What you need to do
The reply must repeat the listing below exactly and carry none of its pictures.

Data segment
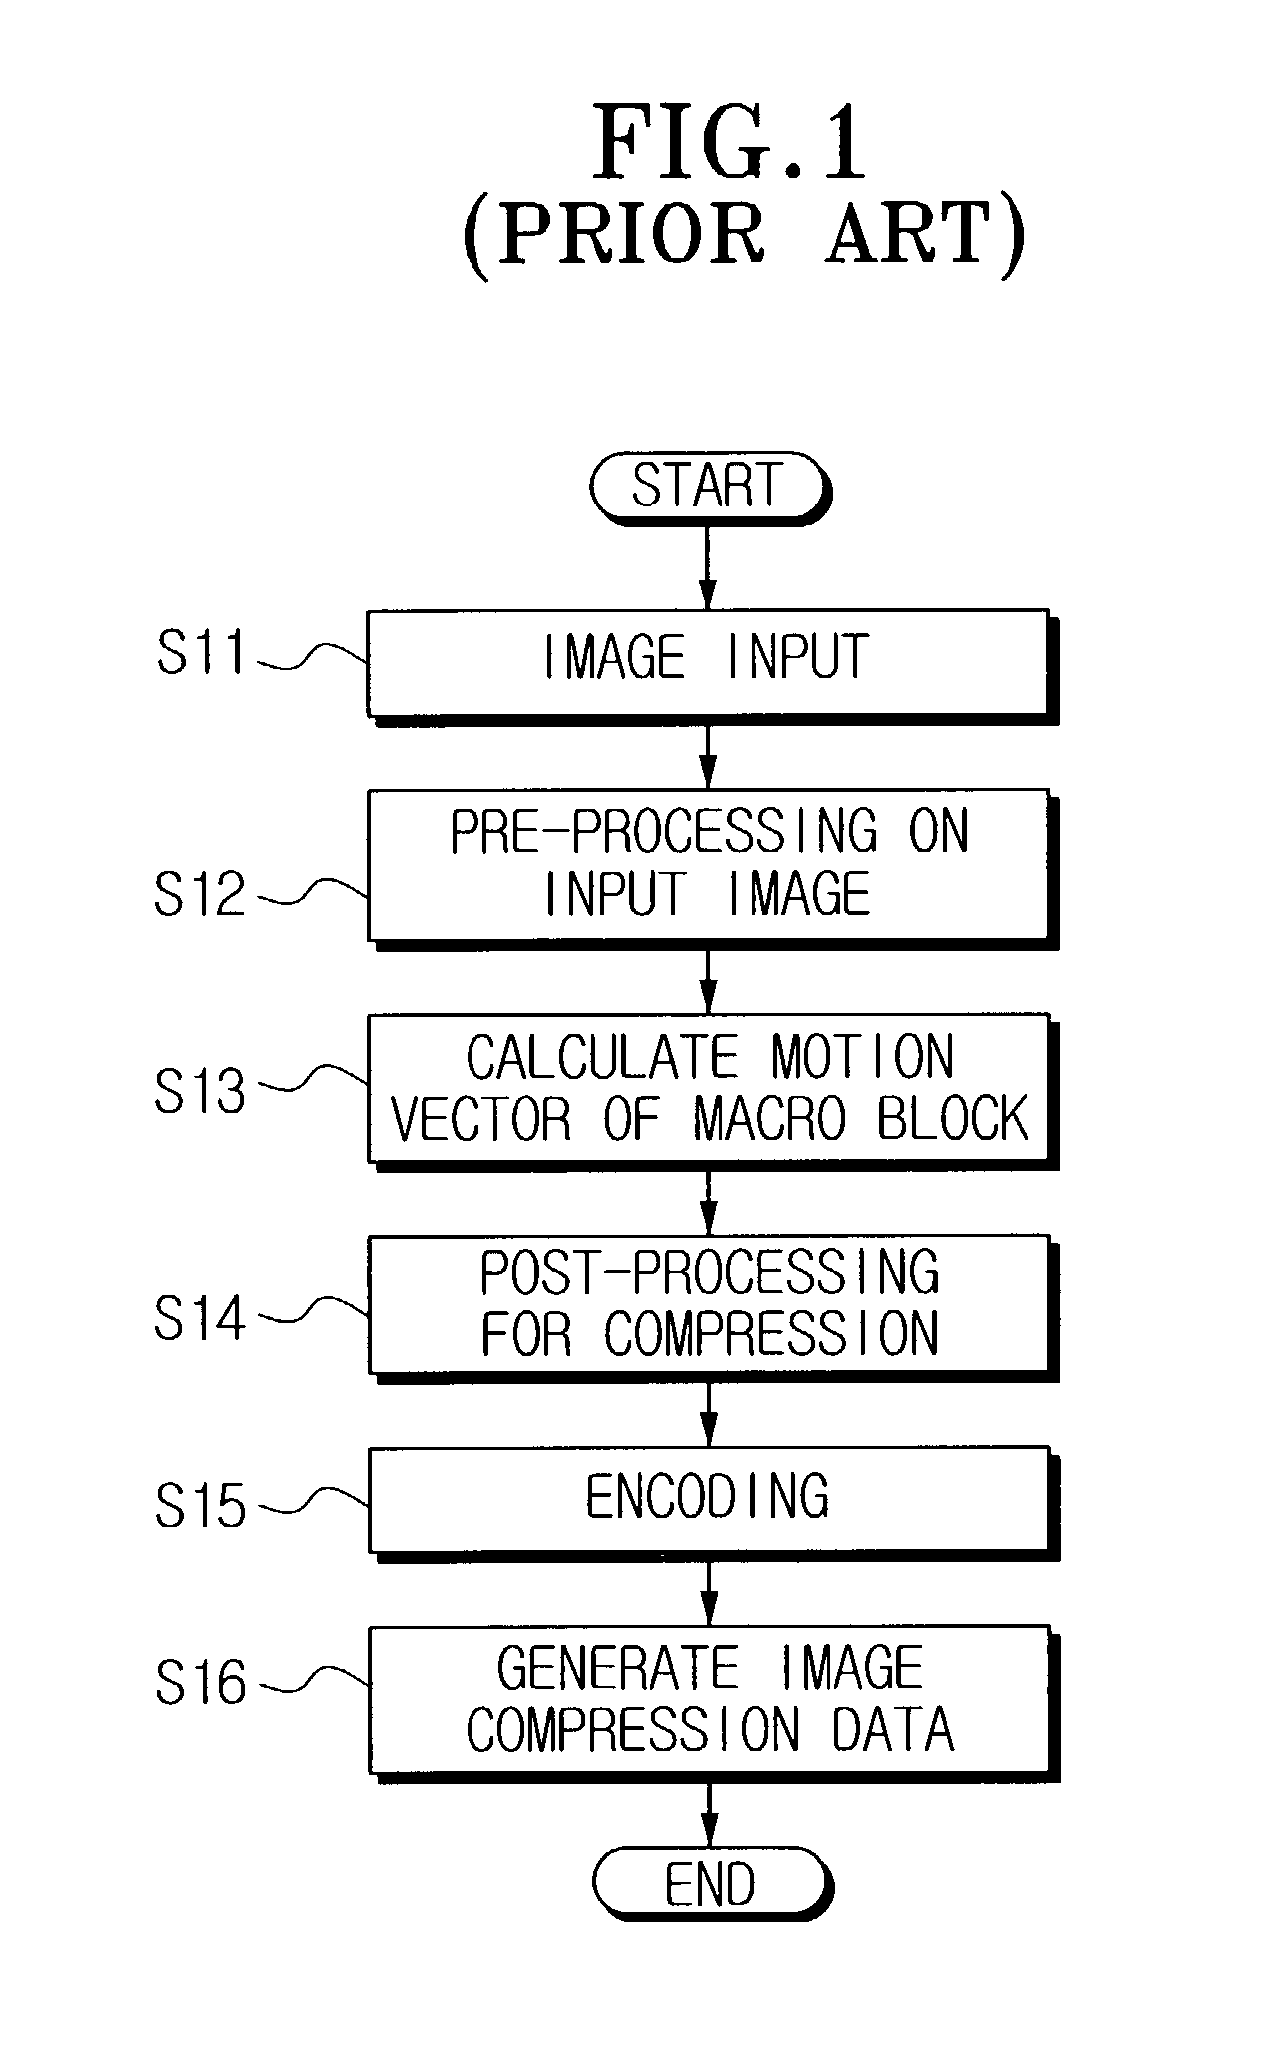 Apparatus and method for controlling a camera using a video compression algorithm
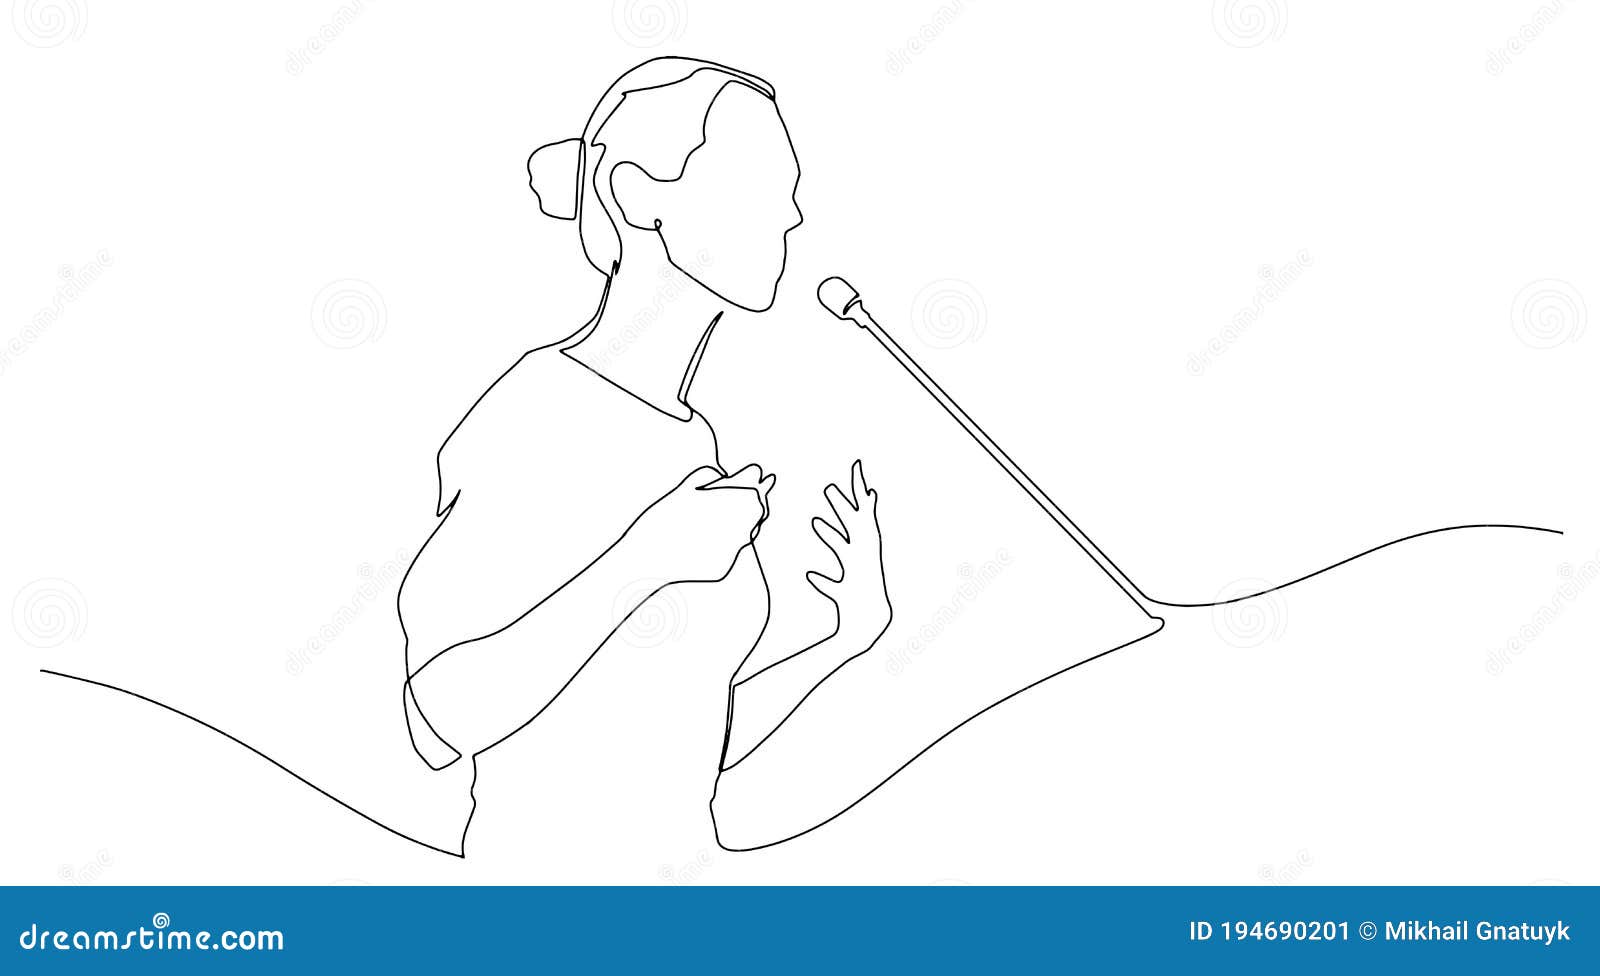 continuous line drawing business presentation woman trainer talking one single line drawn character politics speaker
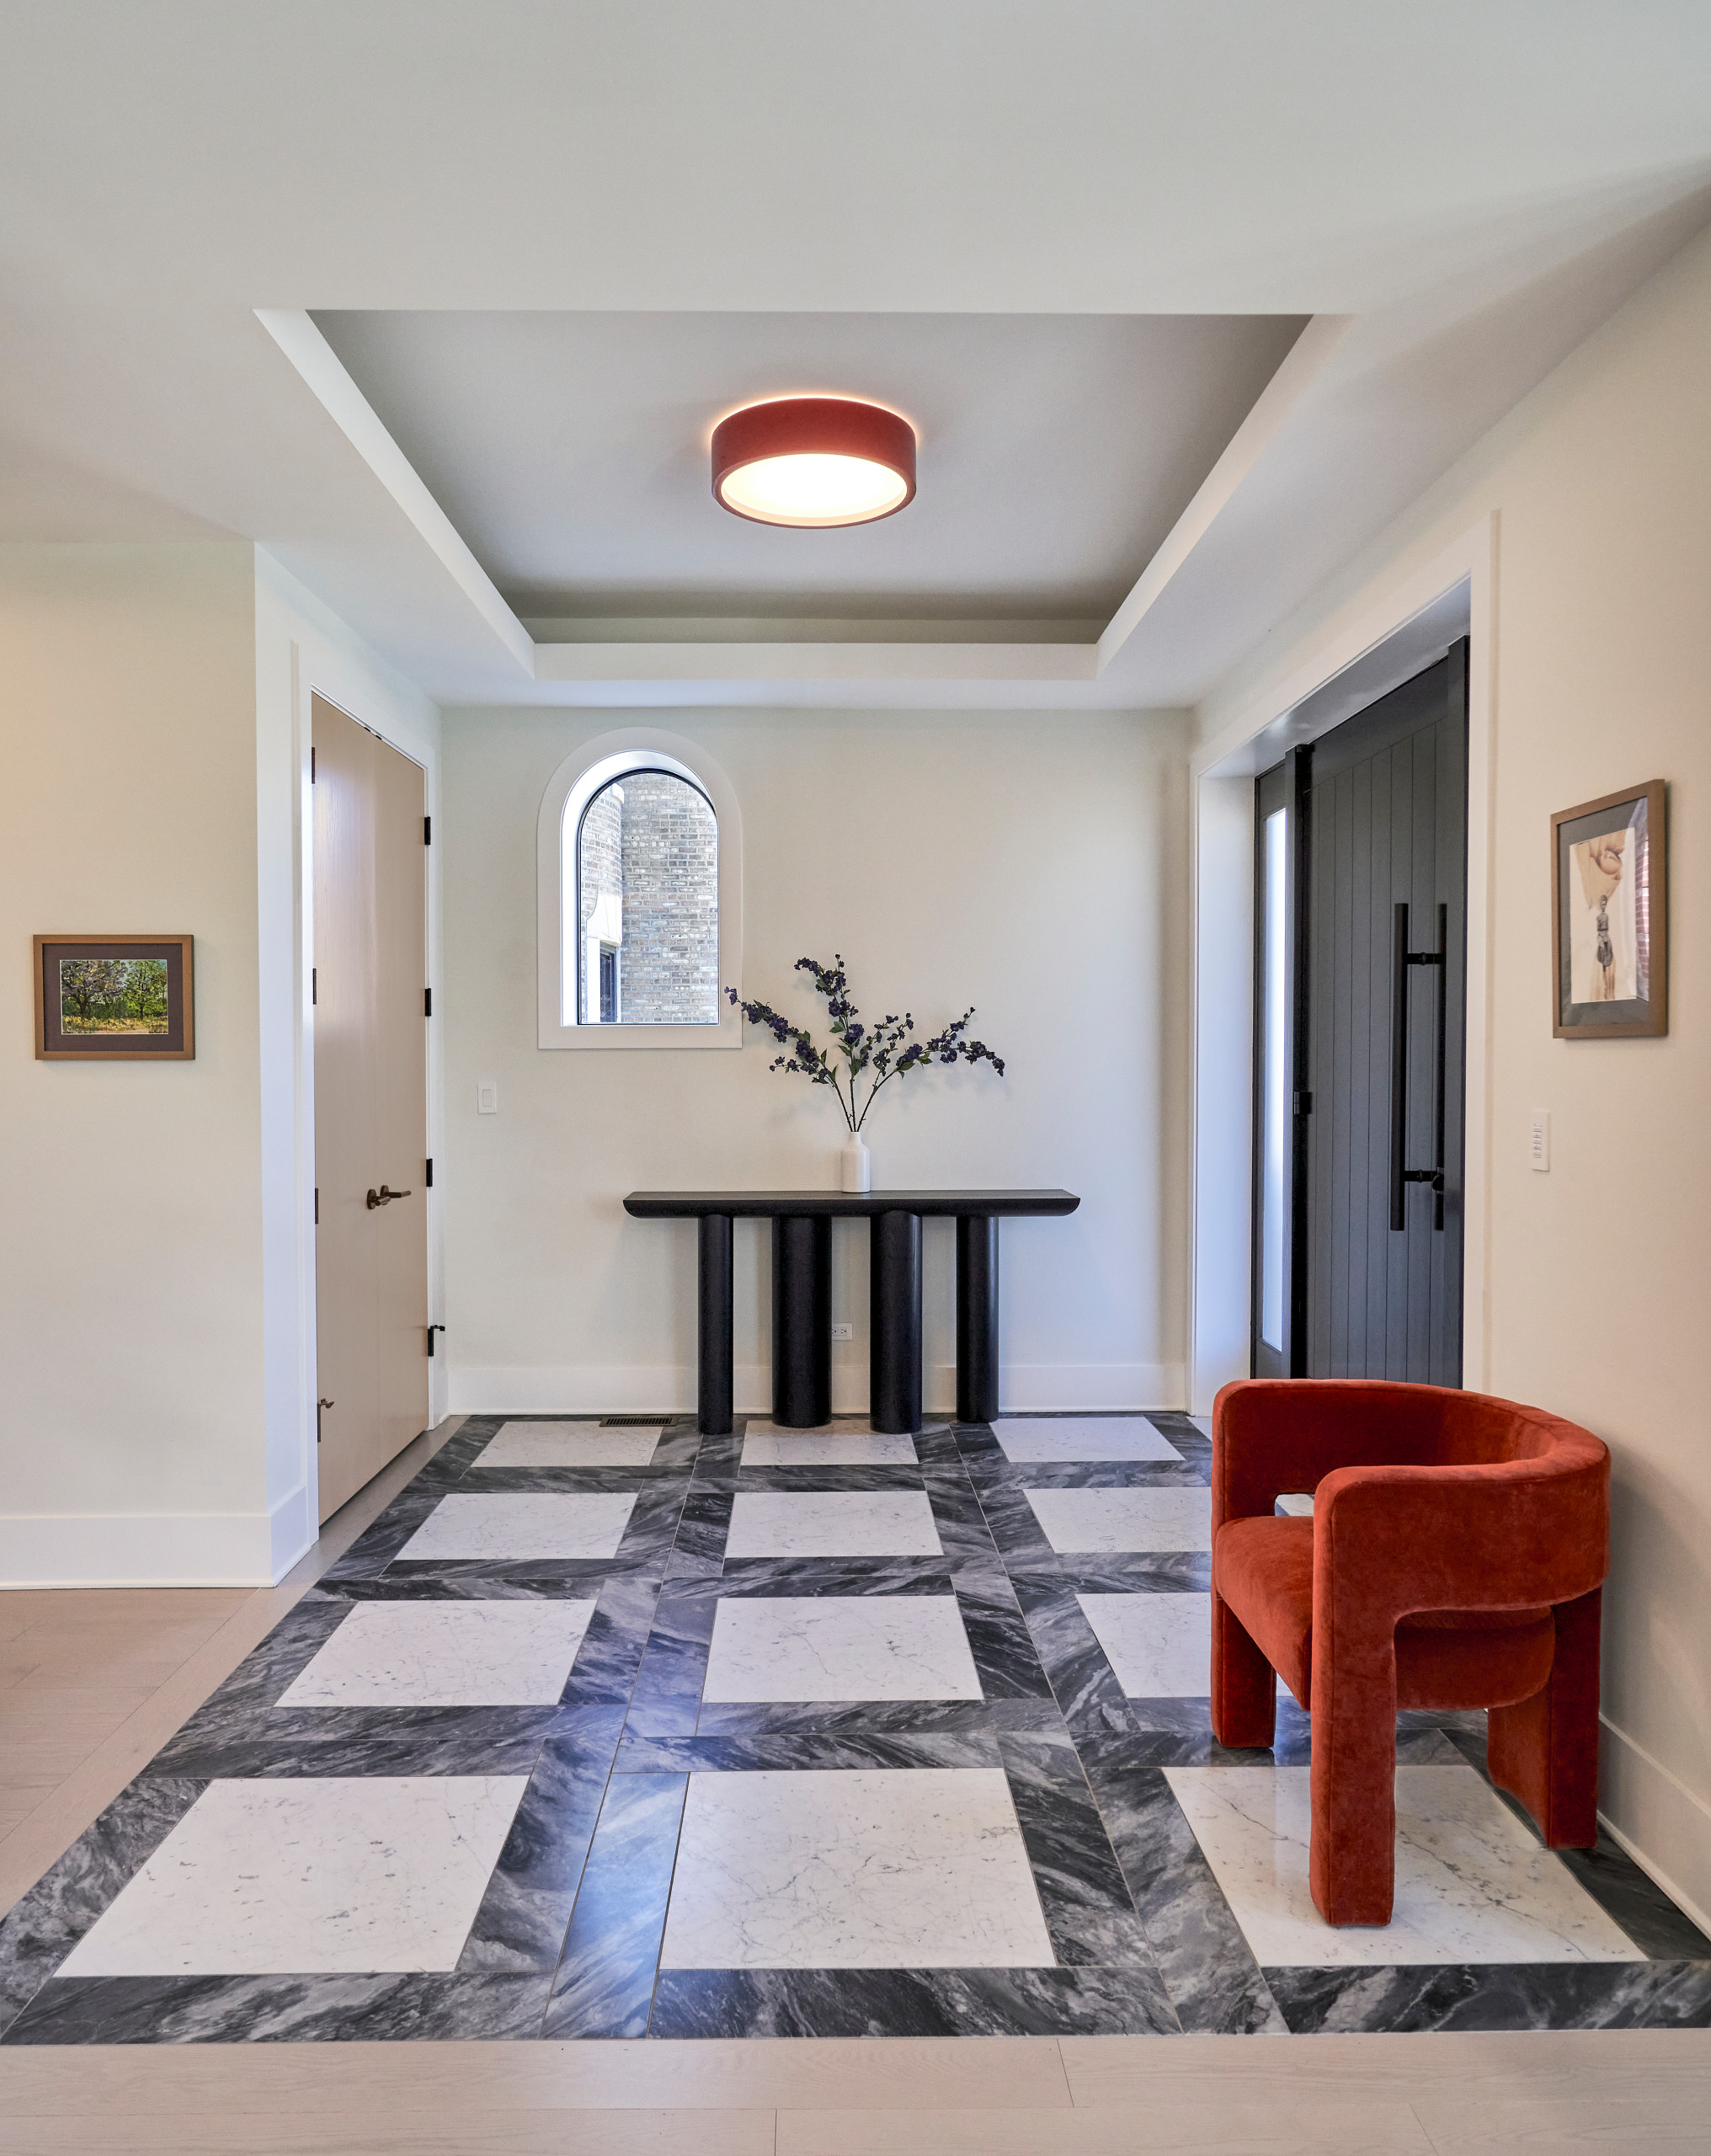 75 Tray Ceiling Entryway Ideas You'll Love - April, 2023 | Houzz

Your solution
 Apparatus and method for controlling a camera using a video compression algorithm
 continuous line drawing business presentation woman trainer talking one single line drawn character politics speaker
 75 Tray Ceiling Entryway Ideas You'll Love - April, 2023 | Houzz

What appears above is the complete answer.